● **Task requirements**
Reproduce only the lines below from the line containing "Quetzal Pair Perchedon Branch Wallpaper" to the line containing "Christine Schrammek derma.cosmetics", exactly as written, with both end lines kept. Omit the pictures.

● **Data for this exercise**
━━━━━━━━━━━━━━━━━━━━

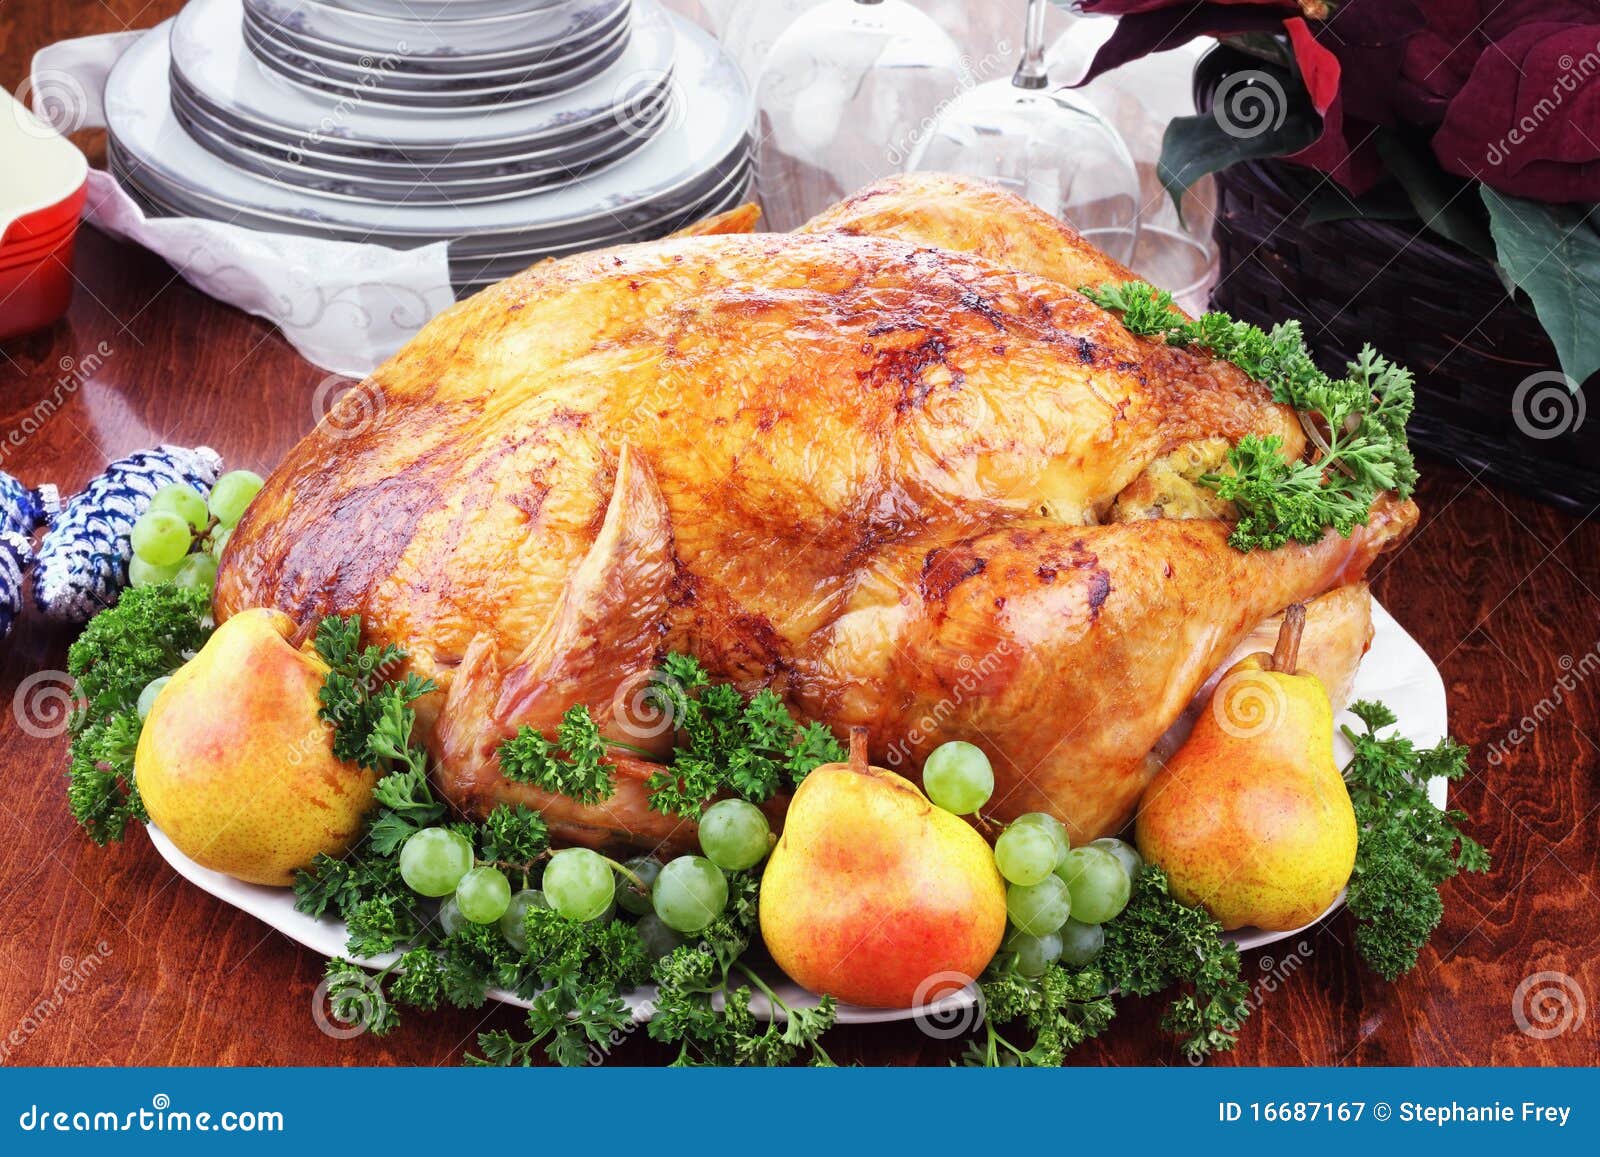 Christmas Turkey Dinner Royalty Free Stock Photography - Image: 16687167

━━━━━━━━━━━━━━━━━━━━

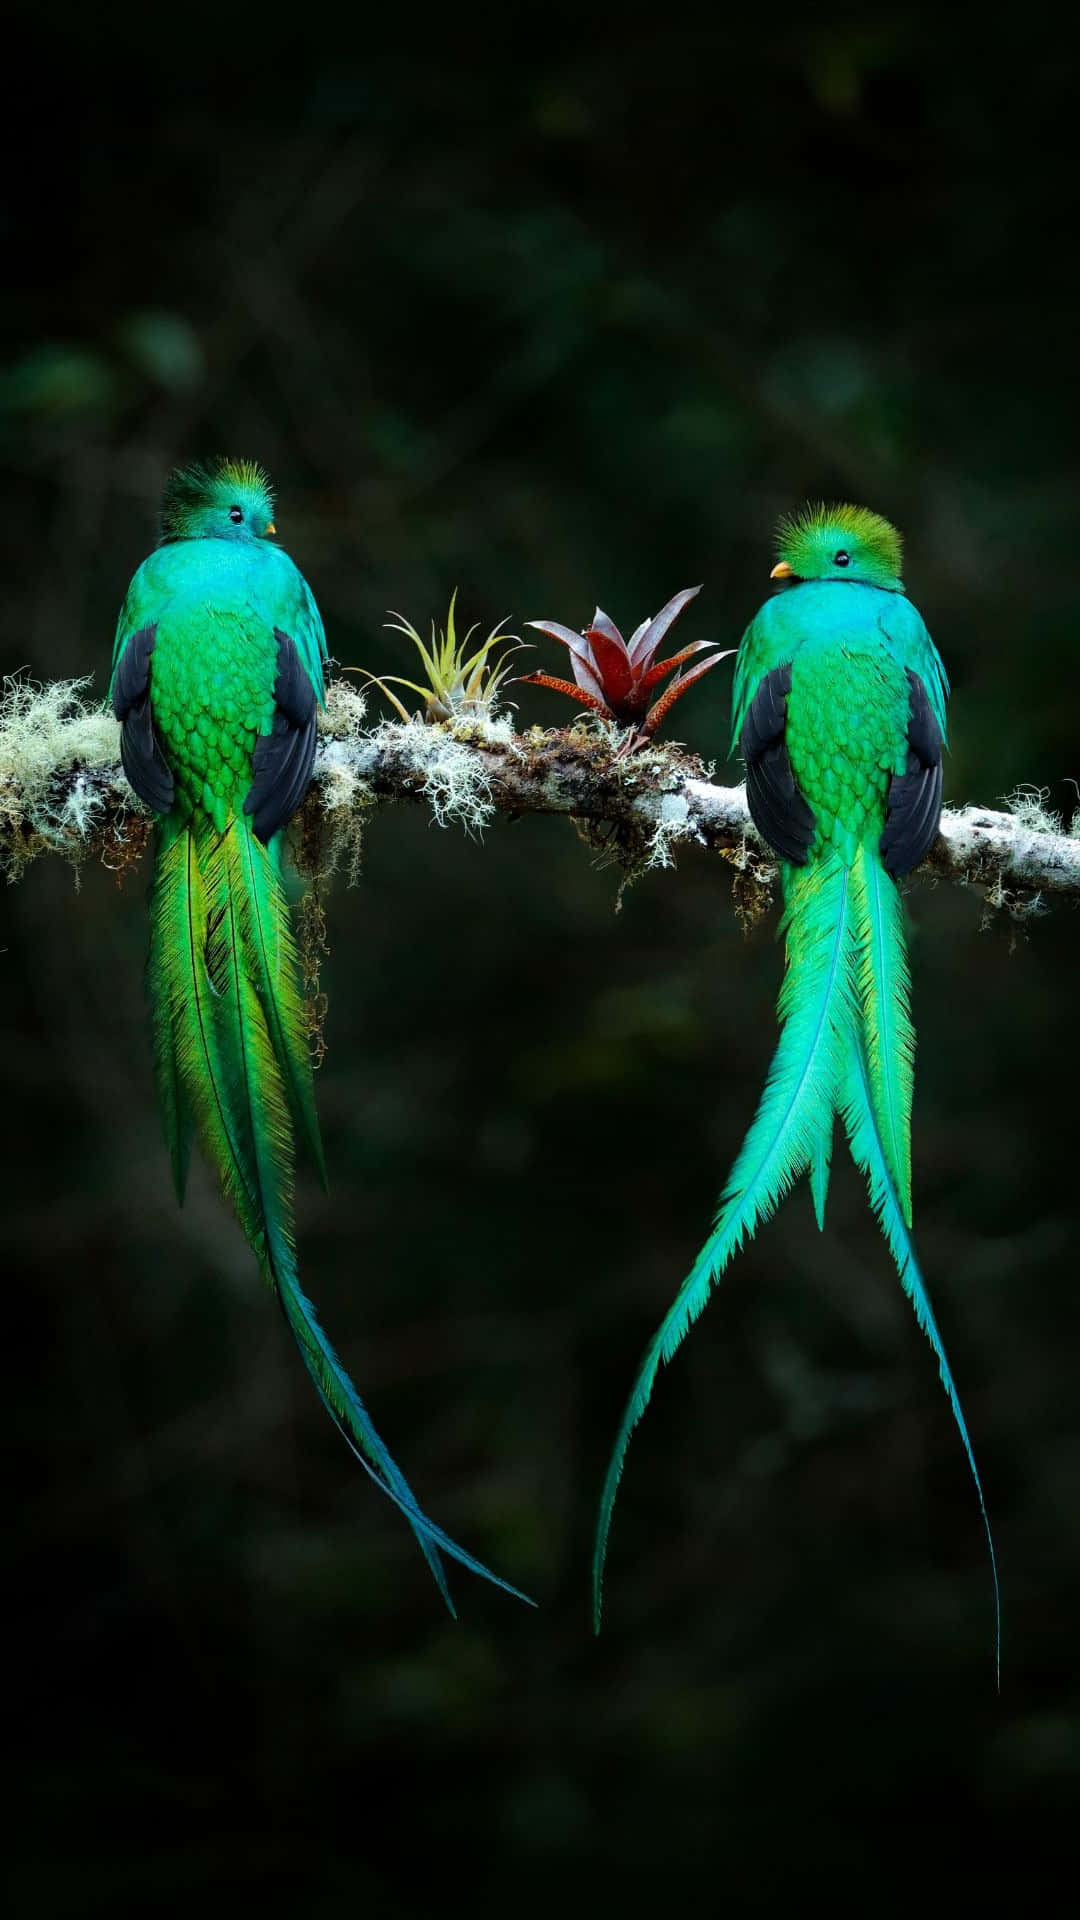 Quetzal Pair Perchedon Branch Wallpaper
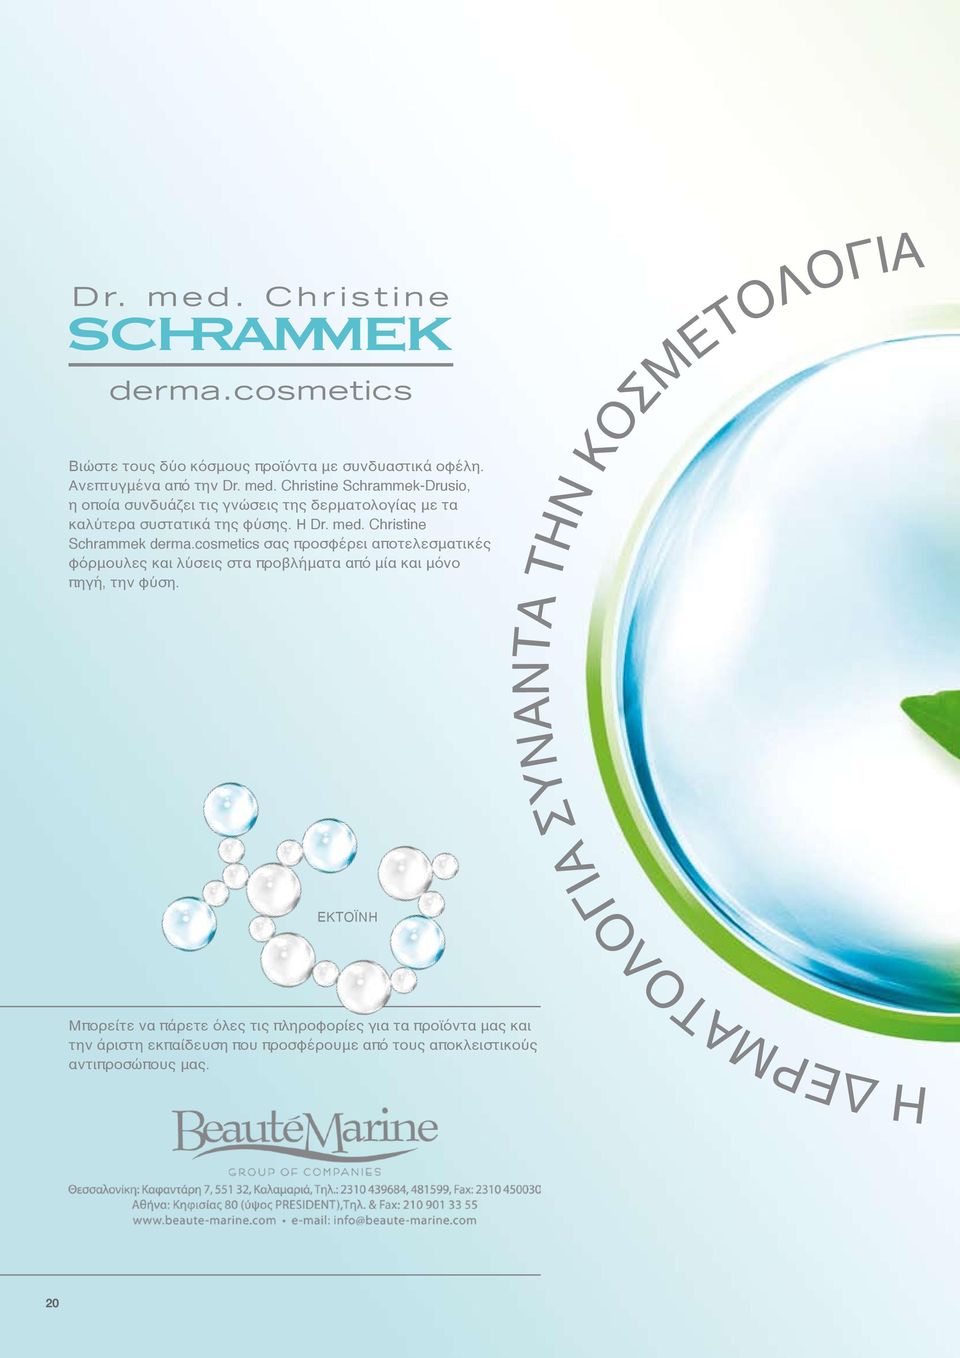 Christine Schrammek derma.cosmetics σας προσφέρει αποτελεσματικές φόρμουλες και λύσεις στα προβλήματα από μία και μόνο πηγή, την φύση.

━━━━━━━━━━━━━━━━━━━━

● **Answer to this exercise**
 Quetzal Pair Perchedon Branch Wallpaper
 Christine Schrammek derma.cosmetics σας προσφέρει αποτελεσματικές φόρμουλες και λύσεις στα προβλήματα από μία και μόνο πηγή, την φύση.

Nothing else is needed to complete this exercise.